This site is now read-only. You can find our new documentation site and support forum for posting questions here.
Be sure to read our welcome blog!
Read group PU field used by BaseRecalibrator
Hi, I was wondering about how GATK handles bam read group info, as behaviour I have observed is not as expected from reading the documentation.
I am running a comparison of different illumina platforms, using the same library, so have given my bam files RG info that I think reflects this:
@RG ID:2_1 PL:ILLUMINA PU:Platform1_FCA LB:Sample2 DT:2013-09-01T01:00:00+0100 SM:Sample2_Platform1 @RG ID:2_2 PL:ILLUMINA PU:Platform2_FCB LB:Sample2 DT:2013-07-17T01:00:00+0100 SM:Sample2_Platform2 @RG ID:2_3 PL:ILLUMINA PU:Platform3_FCC LB:Sample2 DT:2014-05-16T01:00:00+0100 SM:Sample2_Platform3
(IDs changed to something more generic)
I have run BaseRecalibrator, and the read group results are broken down by the PU field:
ReadGroup EventType EmpiricalQuality EstimatedQReported Observations Errors Platform1_FCA M 28.2433 28.1998 6283676400.00 9416437.03 Platform1_FCA I 41.2350 45.0000 6283676400.00 472843.68 Platform1_FCA D 40.2707 45.0000 6283676400.00 590401.90 Platform2_FCB M 28.7442 30.5860 258157515.00 344716.76 Platform2_FCB I 44.4728 45.0000 258157515.00 9216.35 Platform2_FCB D 41.1310 45.0000 258157515.00 19896.01 Platform3_FCC M 22.9983 23.2025 2510670817.00 12588158.43 Platform3_FCC I 44.0934 45.0000 2510670817.00 97824.77 Platform3_FCC D 41.1932 45.0000 2510670817.00 190753.01
This is not what I would expect given that the FAQ for GATK states We do not require value for the CN, DS, DT, PG, PI, or PU fields.

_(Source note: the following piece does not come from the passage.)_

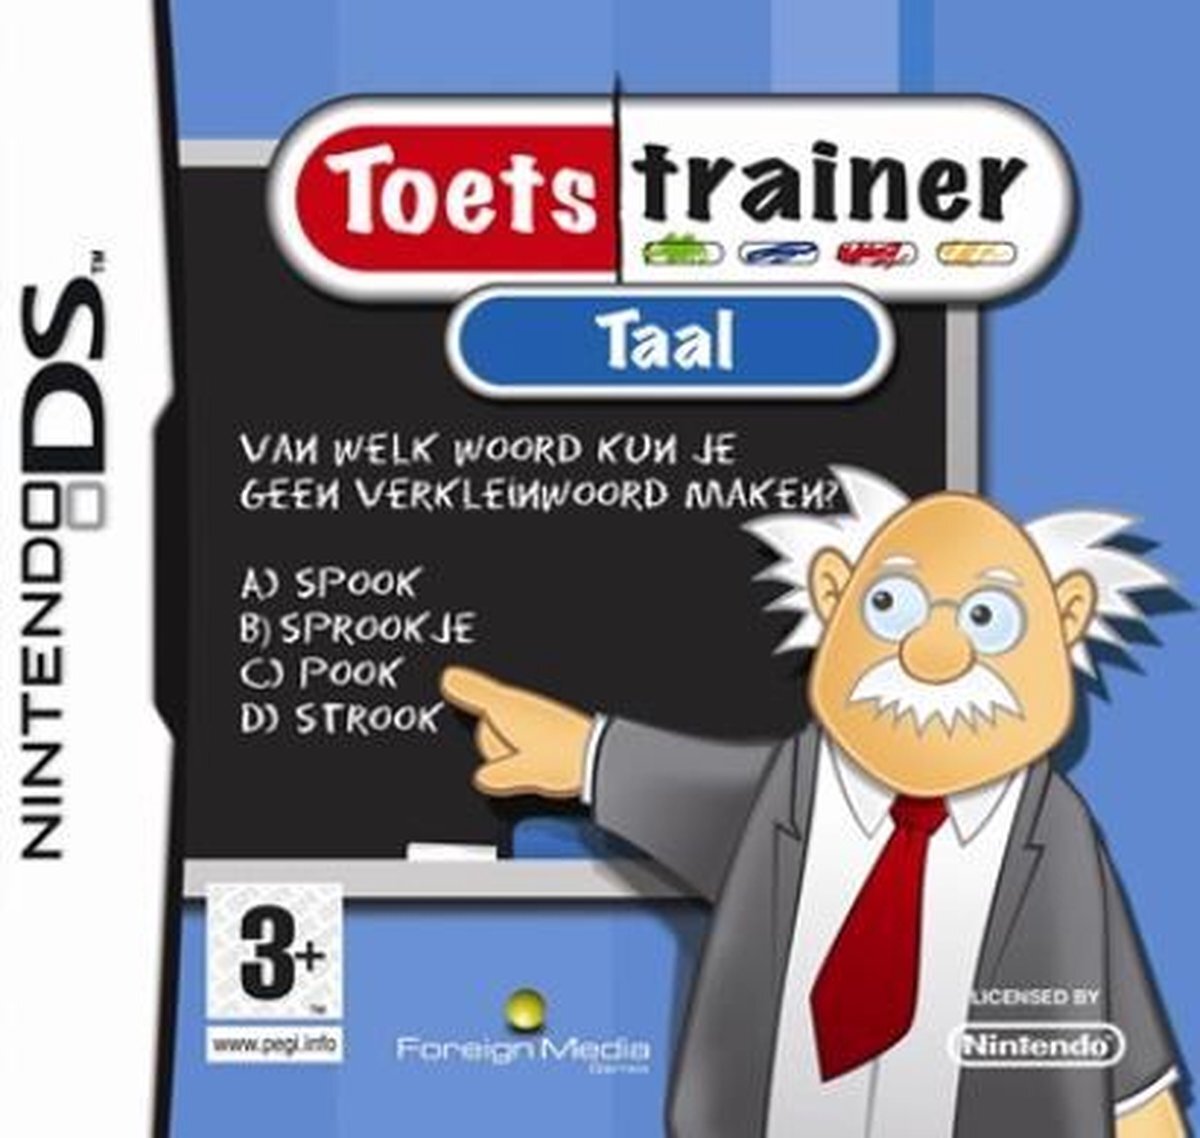 - Toetstrainer Taal Nintendo DS

I would expect that the RG ID field is used, that is the unique identifier for the Read group, and is by definition unique.

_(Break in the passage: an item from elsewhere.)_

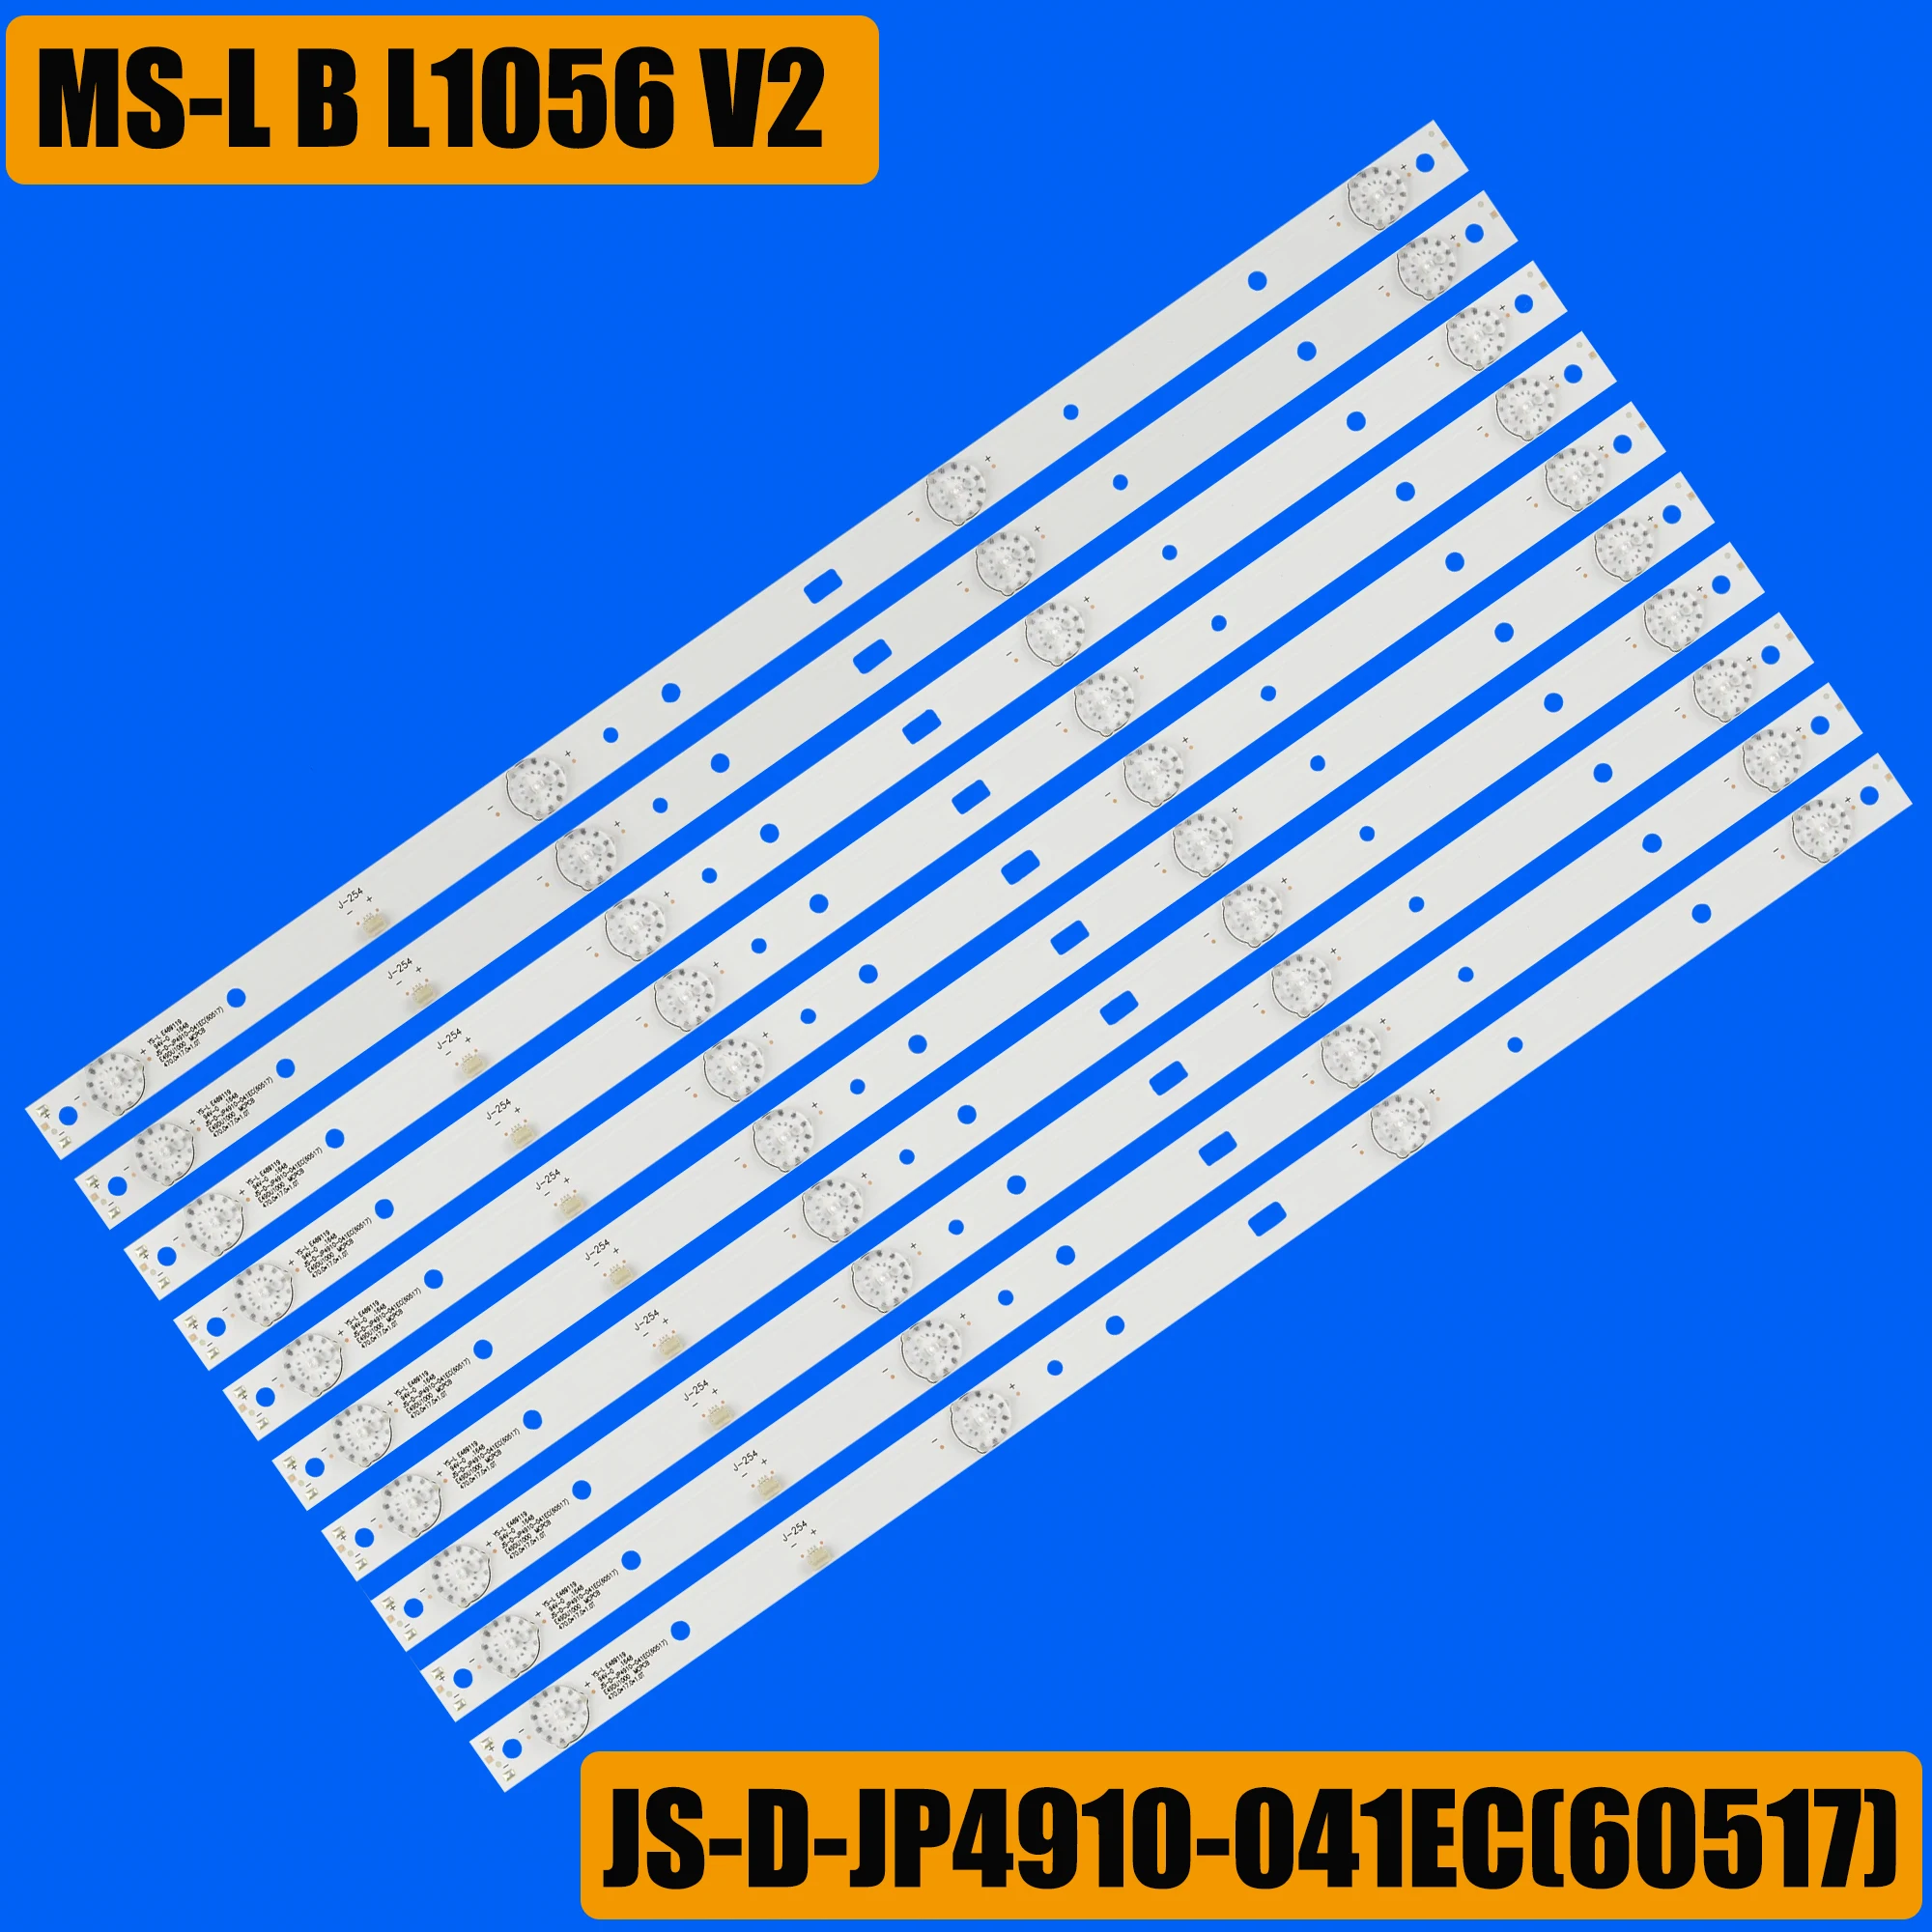 Светодиодная лента подсветки для AKAI MS-L B L1056 V2 R72-49D04-001 AKAI CTV5035 49AX3000 JS-D-JP4910-041EC (60517) E49DU1000 DU49-1000

Failing that I would expect the SM field to be used as this is stated as being used in the GATK documentation and is unique in my bam file.
I'm guessing GATK would use the LB field preferentially but as this is not unique in my case it uses something else that is.
I can find no errors or warnings about this in the output or stdout/stderr.
I'm wondering what would happen when I add a second sample, with the same PU IDs?
Can anyone clarify how GATK BaseRecalibrator (and other tools) handle read group fields, especially where LB is the same for multiple read groups?
I need to know if I am using the RG fields correctly for my experiment, and also so that the end results of the GATK pipeline best reflect what I am trying to analyse.